Sam examined the combination with concern, appearing unsatisfied. “We got to make that smallpox medicine good and strong!” he remarked; and, his artistic sense growing more powerful than his appetite, he poured about a quarter of the licorice water into the smallpox medicine.
“What you doin’?” protested Penrod. “What you want to waste that lickrish water for? We ought to keep it to drink when we’re tired.”
“I guess I got a right to use my own lickrish water any way I want to,” replied the prescription clerk. “I tell you, you can’t get smallpox medicine too strong. Look at her now!” He held the bottle up admiringly. “She’s as black as lickrish.
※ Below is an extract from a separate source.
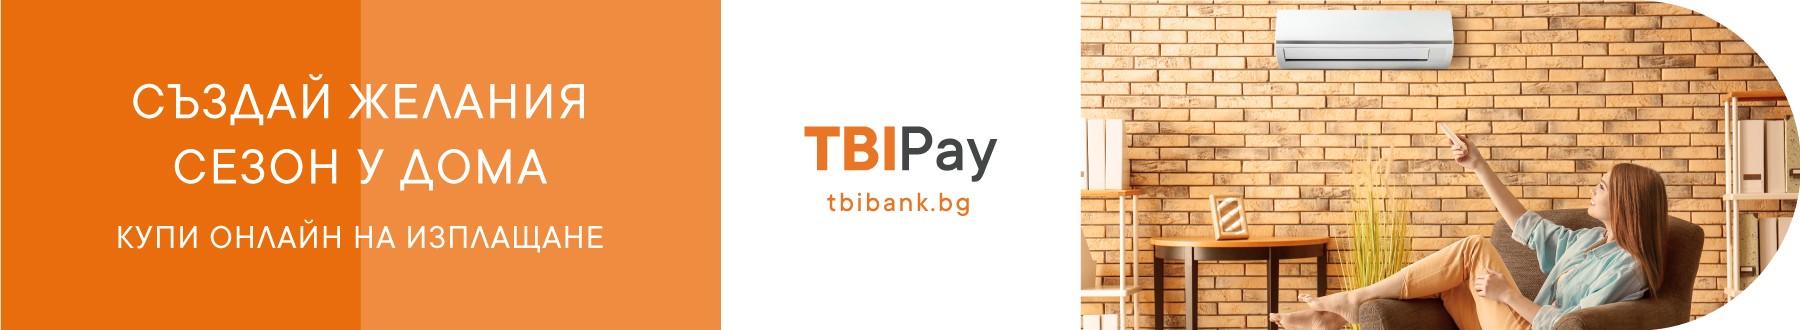 tbi-pay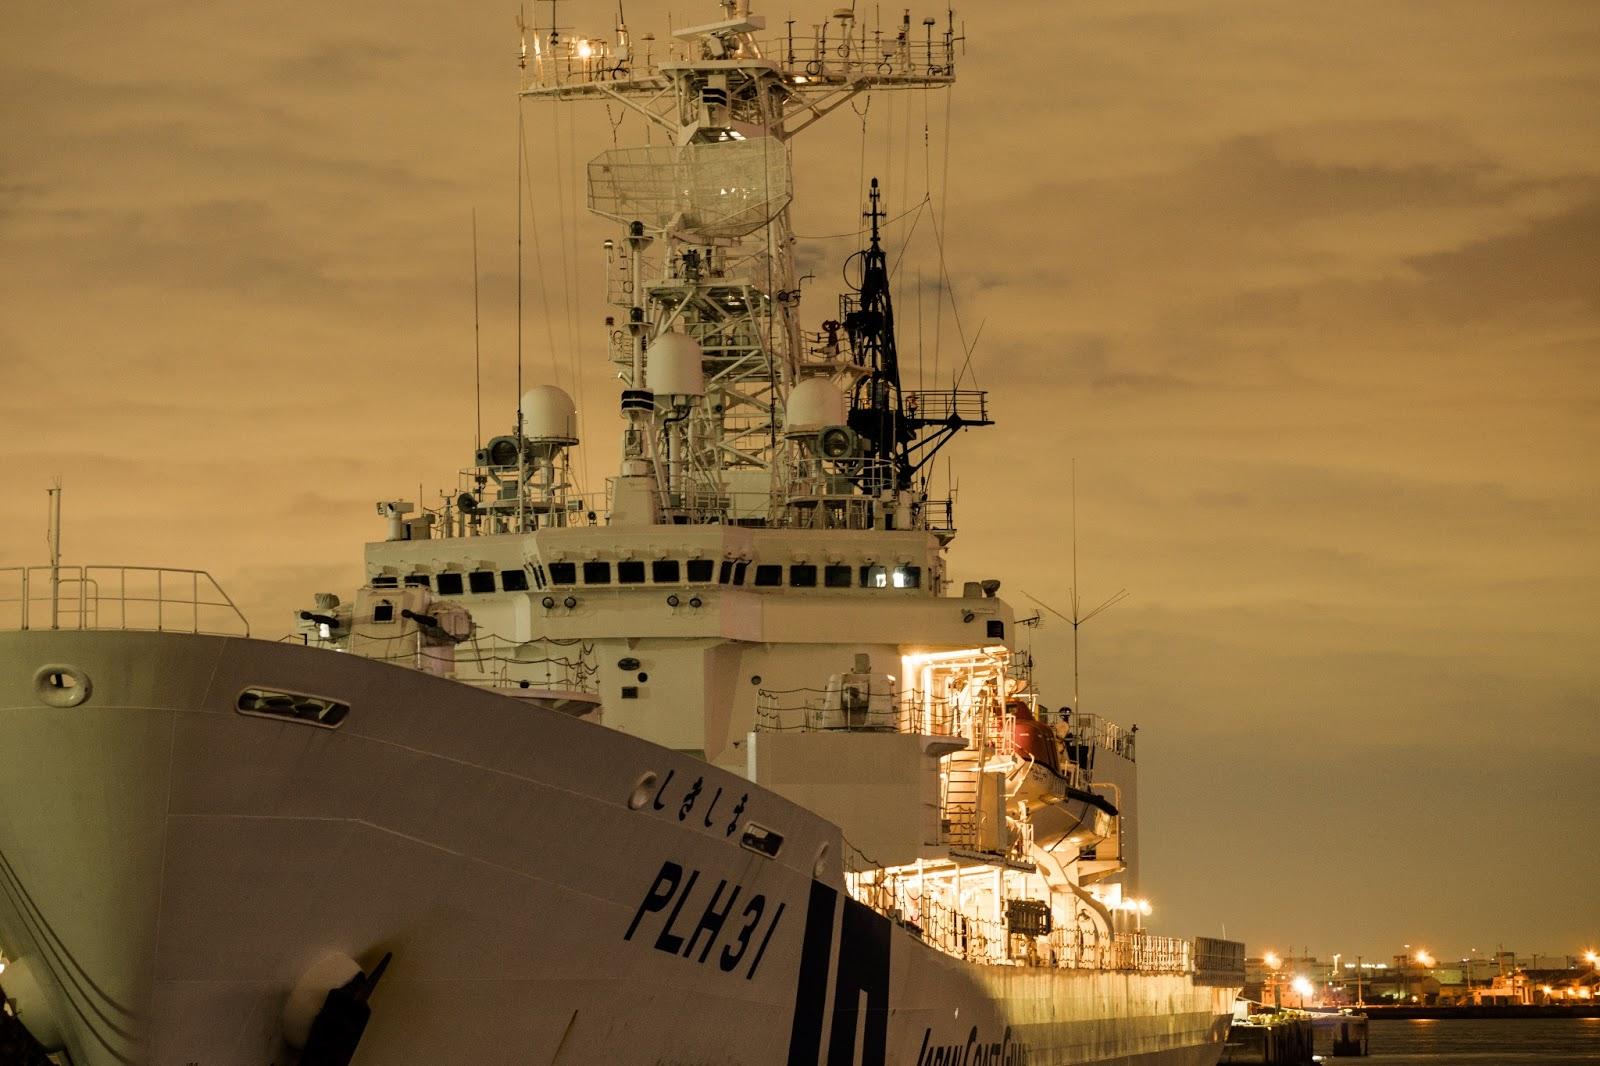 巡視船「しきしま・PLH31」の写真

I bet you she’s strong all right!”
“I wonder how she tastes?” said Penrod thoughtfully.
“Don’t smell so awful much,” observed Sam, sniffing the bottle— “a good deal, though!”
“I wonder if it’d make us sick to drink it?” said Penrod.
Sam looked at the bottle thoughtfully; then his eye, wandering, fell upon Duke, placidly curled up near the door, and lighted with the advent of an idea new to him, but old, old in the world — older than Egypt!
“Let’s give Duke some!” he cried.
That was the spark. They acted immediately; and a minute later Duke, released from custody with a competent potion of the smallpox medicine inside him, settled conclusively their doubts concerning its effect. The patient animal, accustomed to expect the worst at all times, walked out of the door, shaking his head with an air of considerable annoyance, opening and closing his mouth with singular energy — and so repeatedly that they began to count the number of times he did it. Sam thought it was thirty-nine times, but Penrod had counted forty-one before other and more striking symptoms appeared.